My wife and I moved into a house in Mayo about 5 months ago now. 

There were some basic issues with the place that we decided to ignore and move in anyway with a view to remedying them. 

They were, a heavy smell of cigarette smoke in a number of rooms and a bland and depressing colour scheme which we used extra lighting to lift.

Since then however, a number of other issues have arisen, namely a damp patch on 2 walls in 2 separate rooms with mould growing on them. One is in our kids room. 

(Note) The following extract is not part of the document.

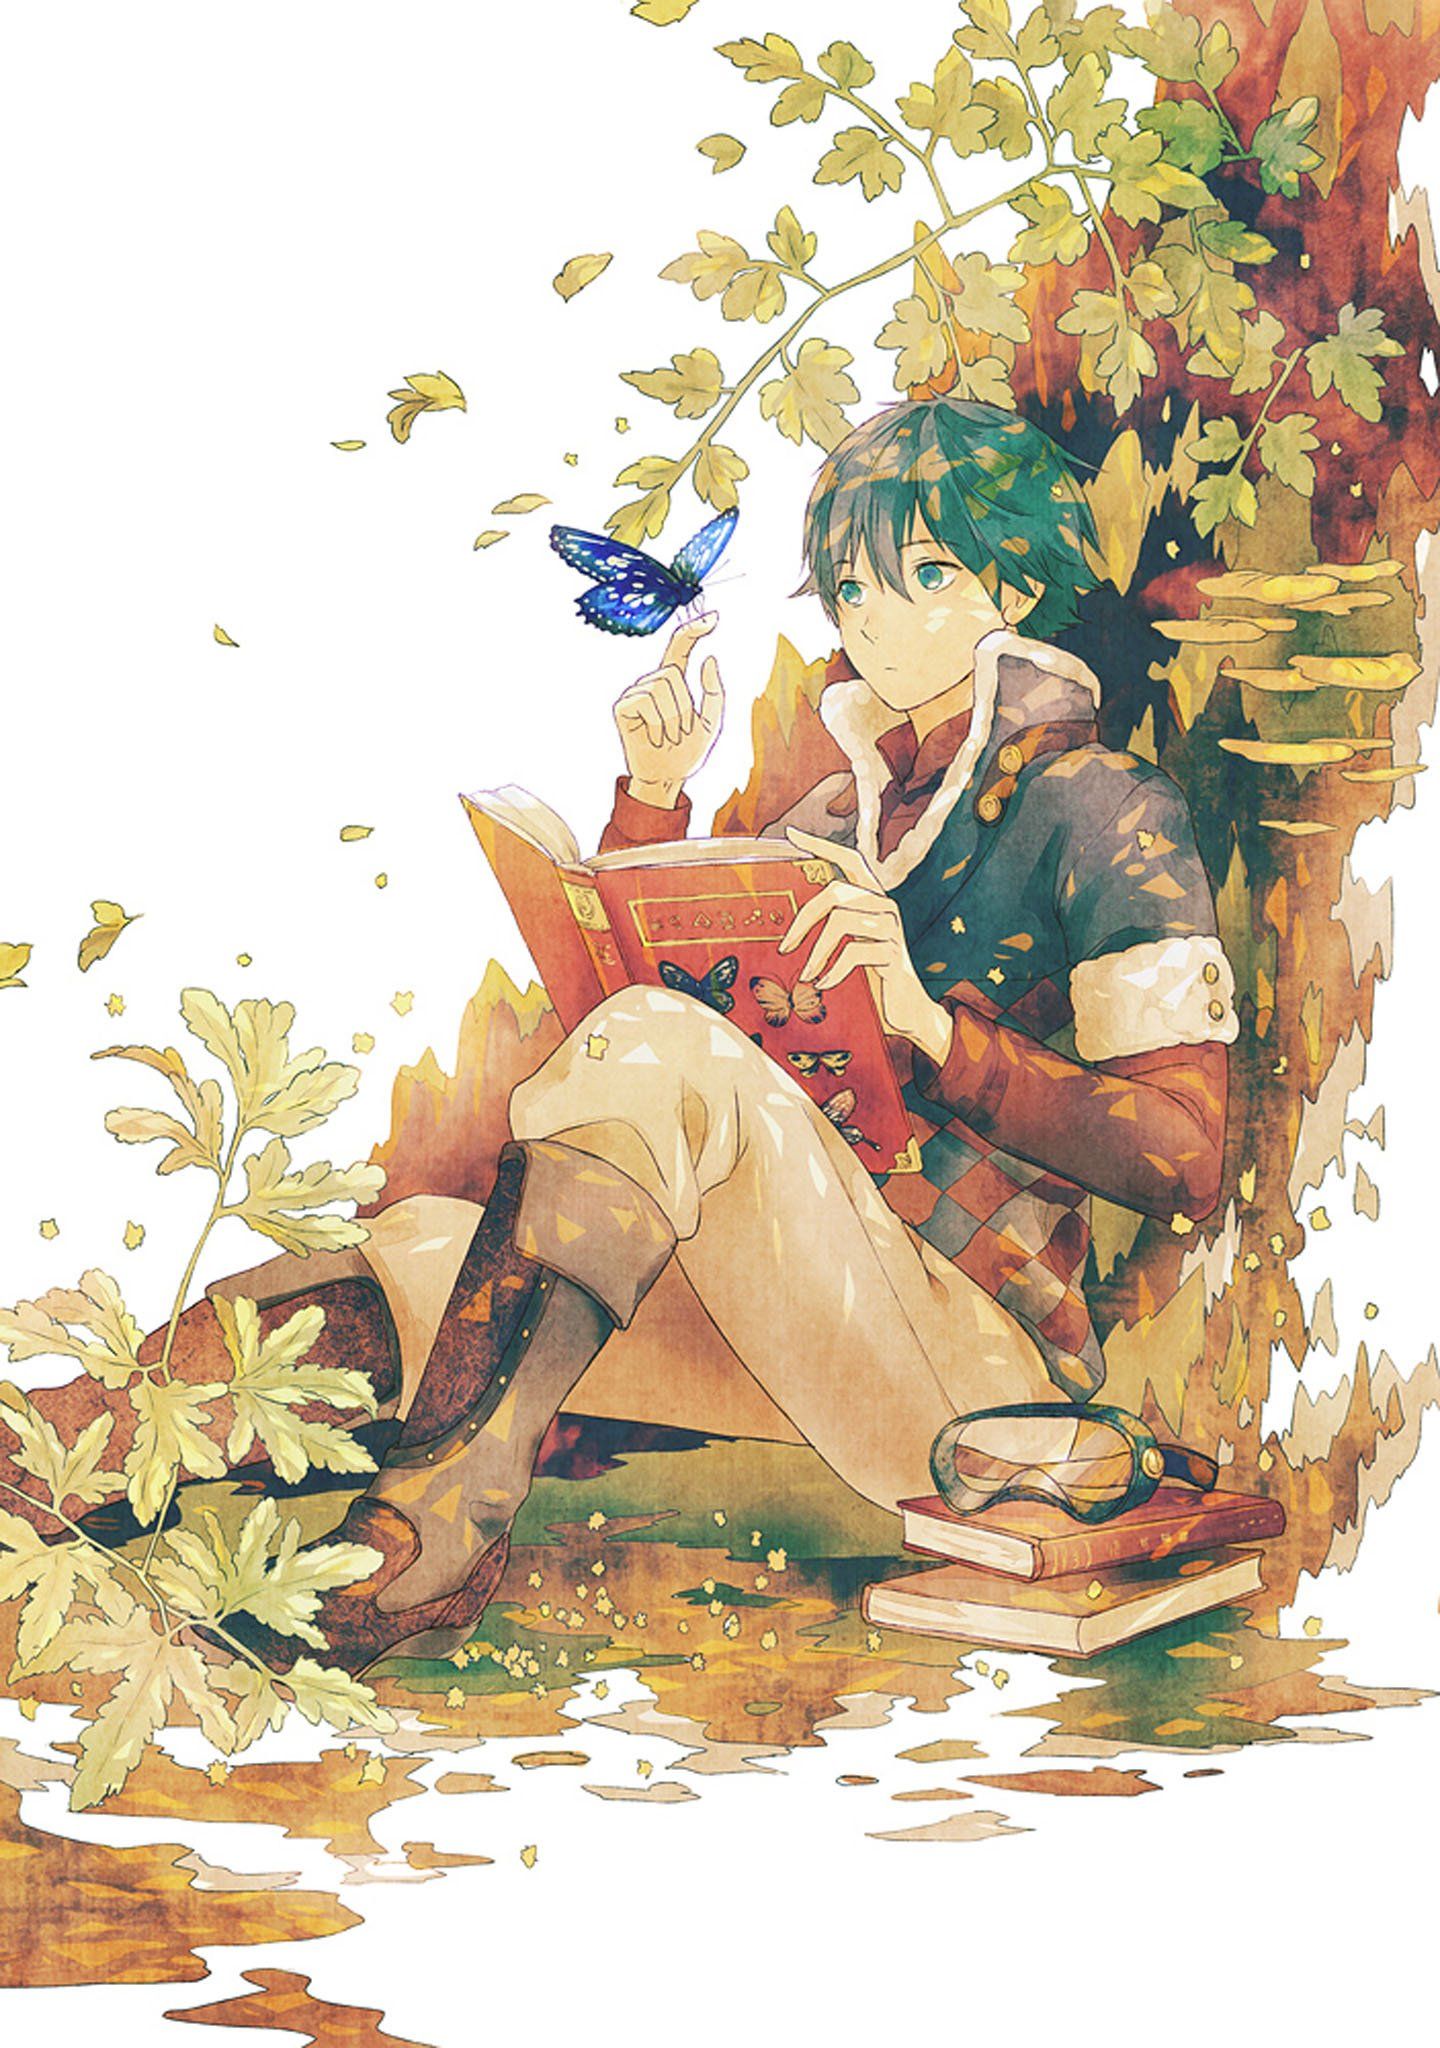 Wallpaper, 1440x2048 px, animal, anime, books, boy, butterfly, flower, tree 1440x2048

The other thing is that there was carpet (Ugh... I know) in the main bathroom which began to smell really badly as soon as my kids began using the bath and splashing etc. I lifted this through necessity as it was mouldy beyond belief after we'd been away for a week. I laid a beautiful laminate floor in it's place which is much more fit for purpose!!

Anyway.... My query is, if the landlady decides not to sort out the rising damp issue, we don't want to stay and would wish to terminate the lease early.

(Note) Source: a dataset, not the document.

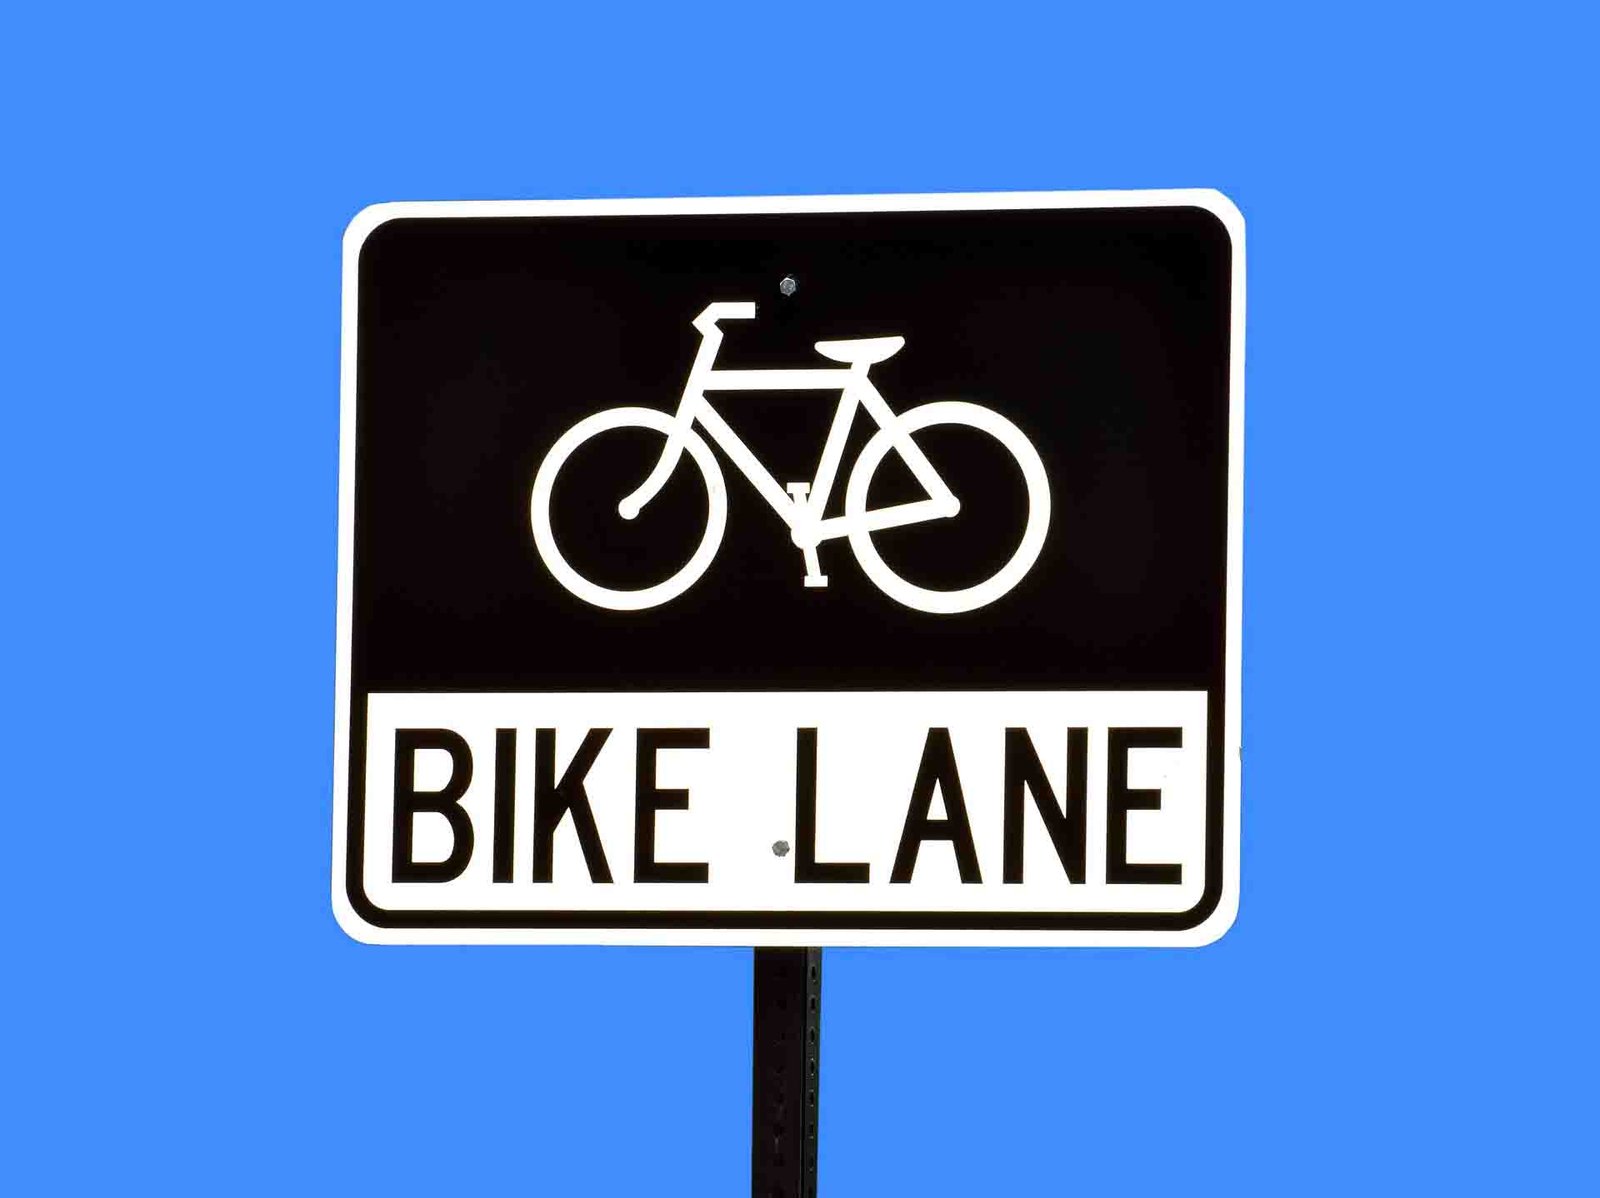 Una señal de carril bici en inglés

What rights do we have in this area?

Thanks

P


----------



## PaulyB63 (28 Jul 2009)

Anybody got any ideas on this one? The other concern we have is that if this was a big problem, the disturbance of having builders etc. in would be too much for us as we have 2 small kids and we reallyt don't feel like sticking around while our landlady digs up floors and carpets etc....


----------



## Romulan (28 Jul 2009)

If its black mould growing, then its more likely to be a ventilation issue rather than damp.  Homebond do a good explanatory booklet on mould problems and I'd use that as a starting point.  The mould can be dangerous and should be addressed.

Good tenants are harder to find and hold on to these days so you are in a good position.  A good landlord should happily work with a good tenant to address these issues in both their interest.

Make sure you get landlords permission if changing flooring.  

Many landlords will work with you on the cost of repairs.


----------



## round1 (28 Jul 2009)

I suggest you check with the housing agency Threshold (www.Threshold.ie) with regard to your rights to terminating a lease when the rented premises is not being maintained to a proper standard by the landlord.


----------



## DB74 (28 Jul 2009)

There is some info on citizens information website in relation to tenants rights. It's a bit skimpy though and there doesn't seem to be much regulation for house which were first let prior to 01-Feb-09.

http://www.citizensinformation.ie/categories/housing/renting-a-home


----------